I've got a Smoke Shack brand smoker. Althought we are primarily a steak house, the ribs are 20% of are dinner sales. We use a med. to lge size regular cut pork spare rib; season with a rub the night before and smoke at 225 for 3.5 hours. Then we hold them right in the smoker for up to 4 hours at 140. The smoker goes to this stage automatically. Works wonderfully, even if we have cut a slab, we return them in a pan to the smoker for holding. If we get backed up on product we simply reheat each serving in the micro at 50%. We serve four pcs per plate, taking a rib from the large end two from the center and a small rib or two. Serve the sauce on the side.
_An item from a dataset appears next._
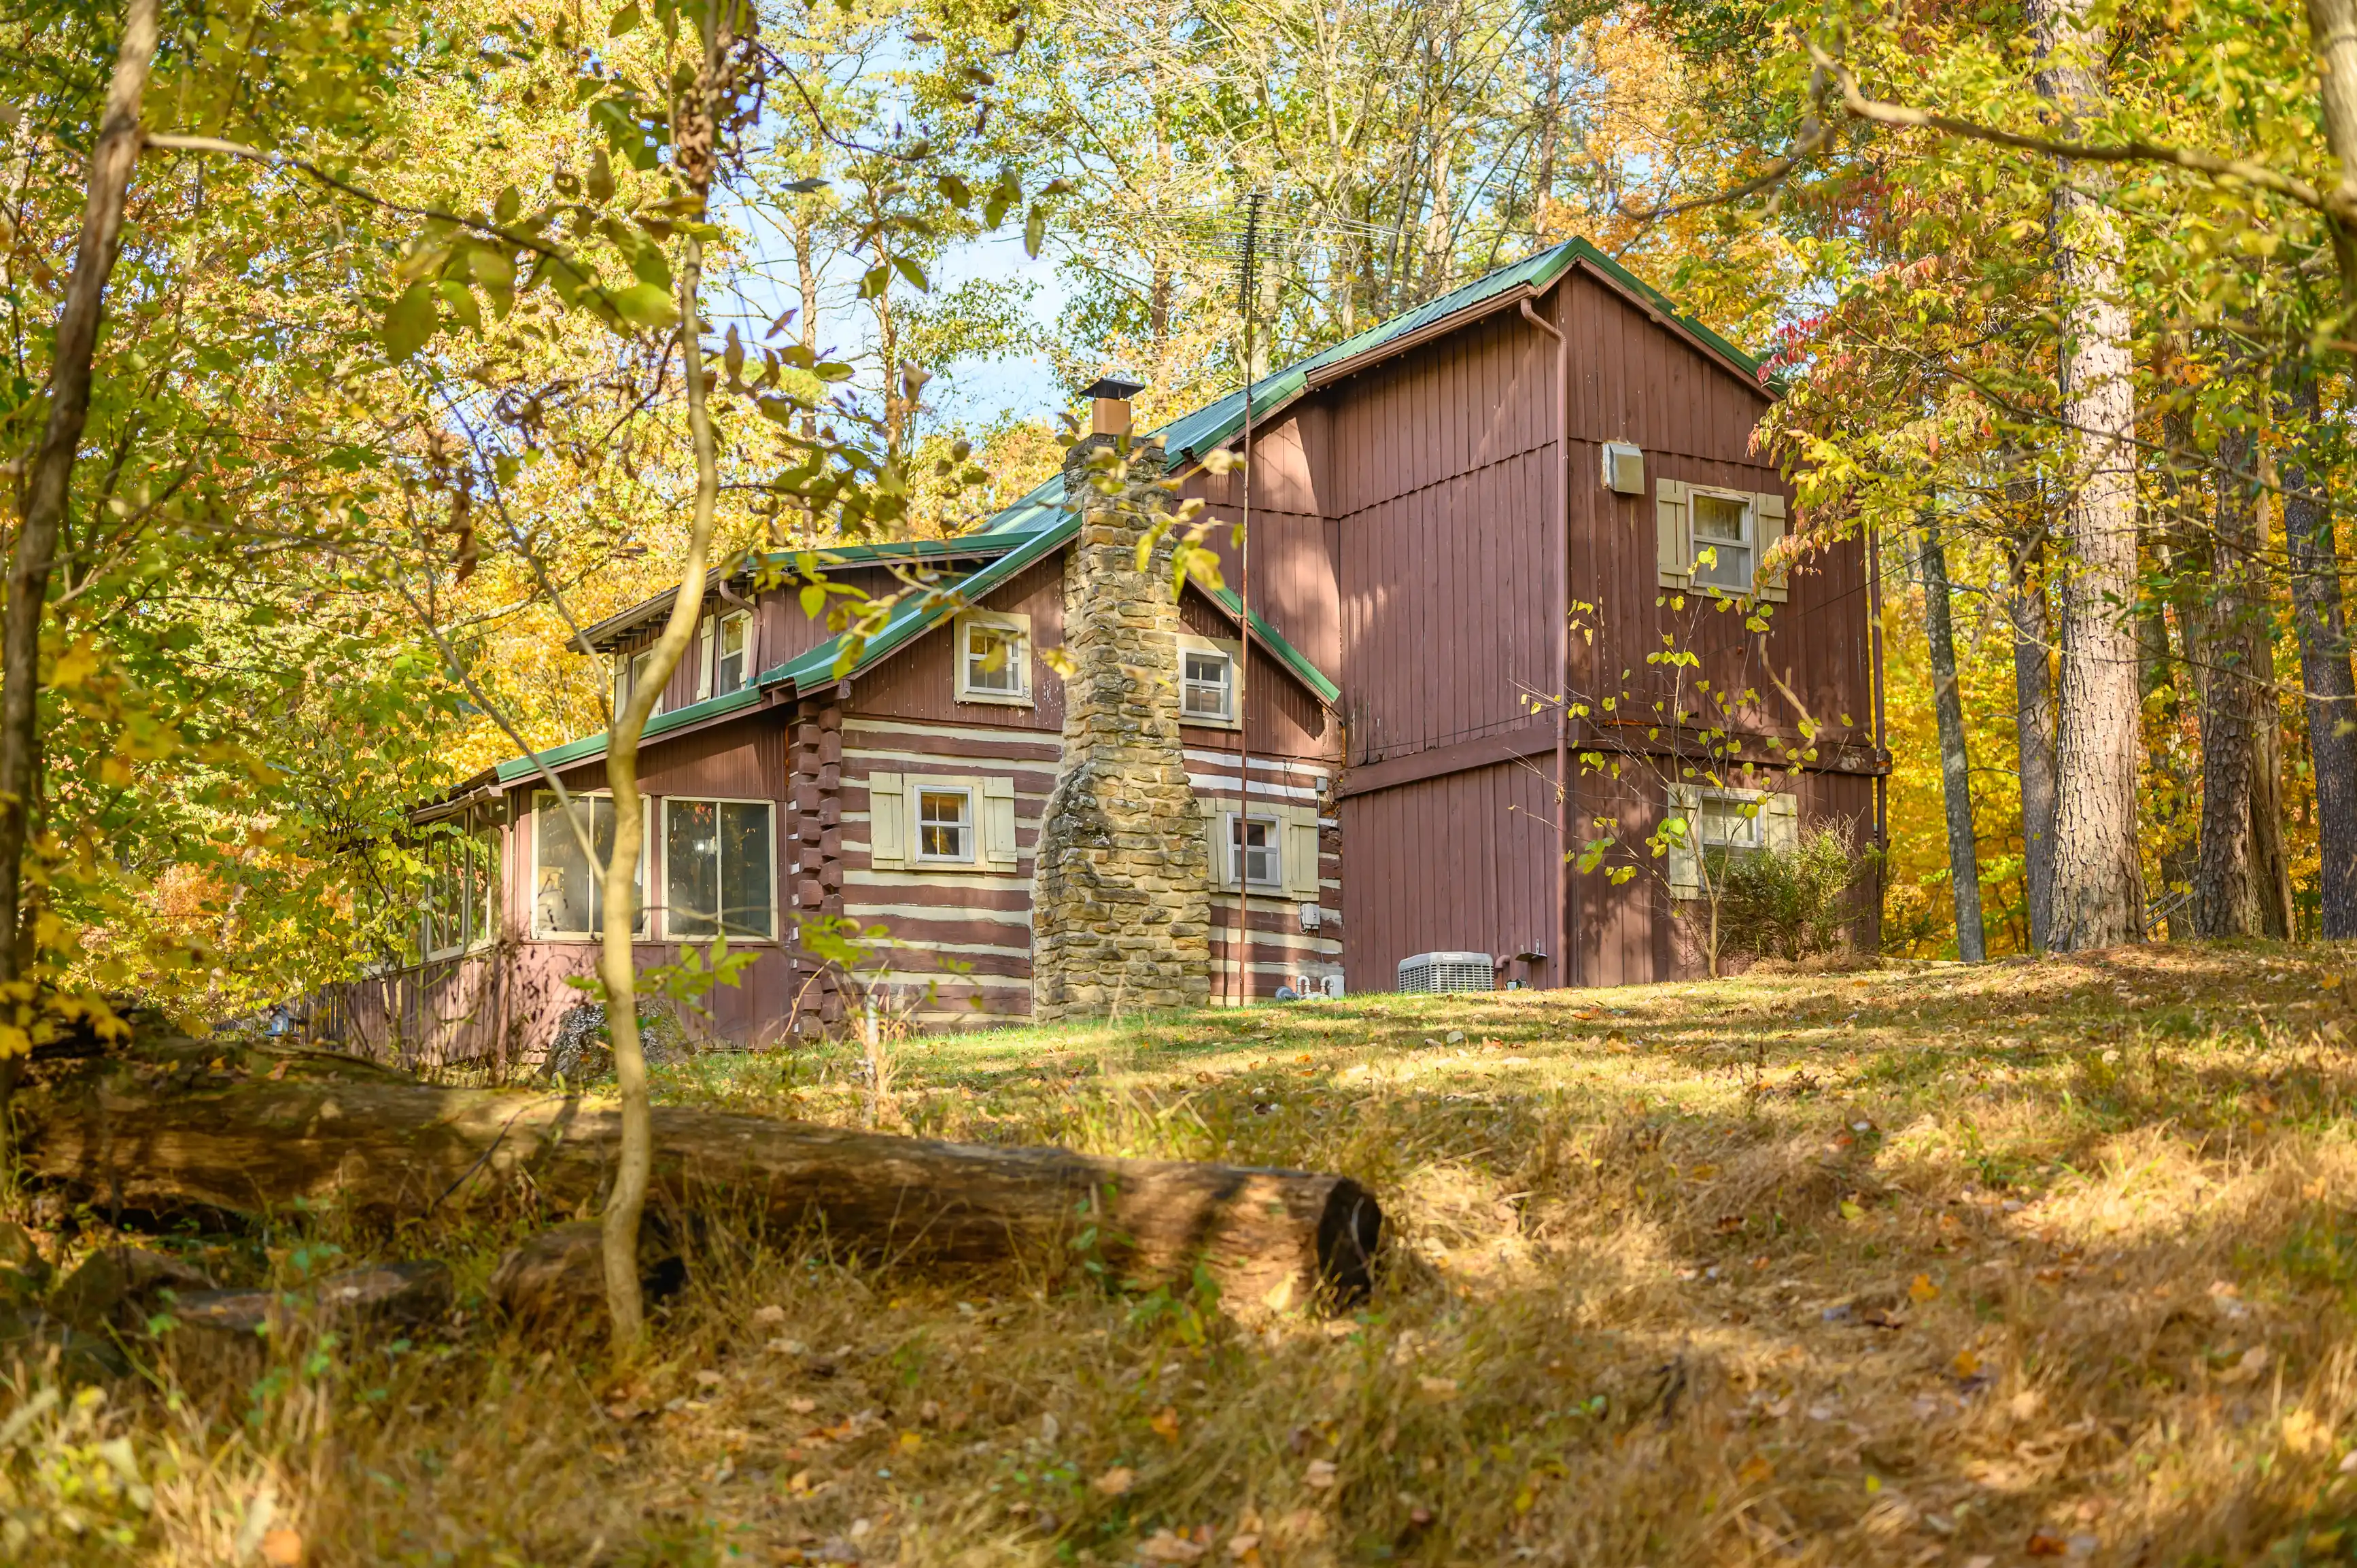 Rustic cabin surrounded by autumn trees with fallen leaves on the ground.

Check with the manufacturer, see if they have a hold cycle on the unit.


----------



## crazytatt (Mar 5, 2006)

This is a moment for the joys of the alto-sham, will not turn your smoked meat to crumble, and will hold all things right where you want em. Google beach bully virginia Beach. Afer all is said and done, it is the alto sham that is thier saving grace.


----------



## foodpump (Oct 10, 2005)

Altoshaams with built-in smokers rock! That being said if you don't have the cash or power requirements for one of those puppies, you can hold the smoked goods in a Cambro. Cambros are great for this purpose, they don't dry out the meat like a heated and fan box does, perfect for moist meats and stuff like mashed potatoes. A Cambro is just a glorified thermos, airtight insulated box.

Smokers... I've seen all kinds. Very impressed with the Smoke shack model, but it is very expensive. I've worked with smokers made from high-school lockers, filing cabinets, basically any airtight box with a electric burner which a pan of wood chips rests on and slowly smolders.


----------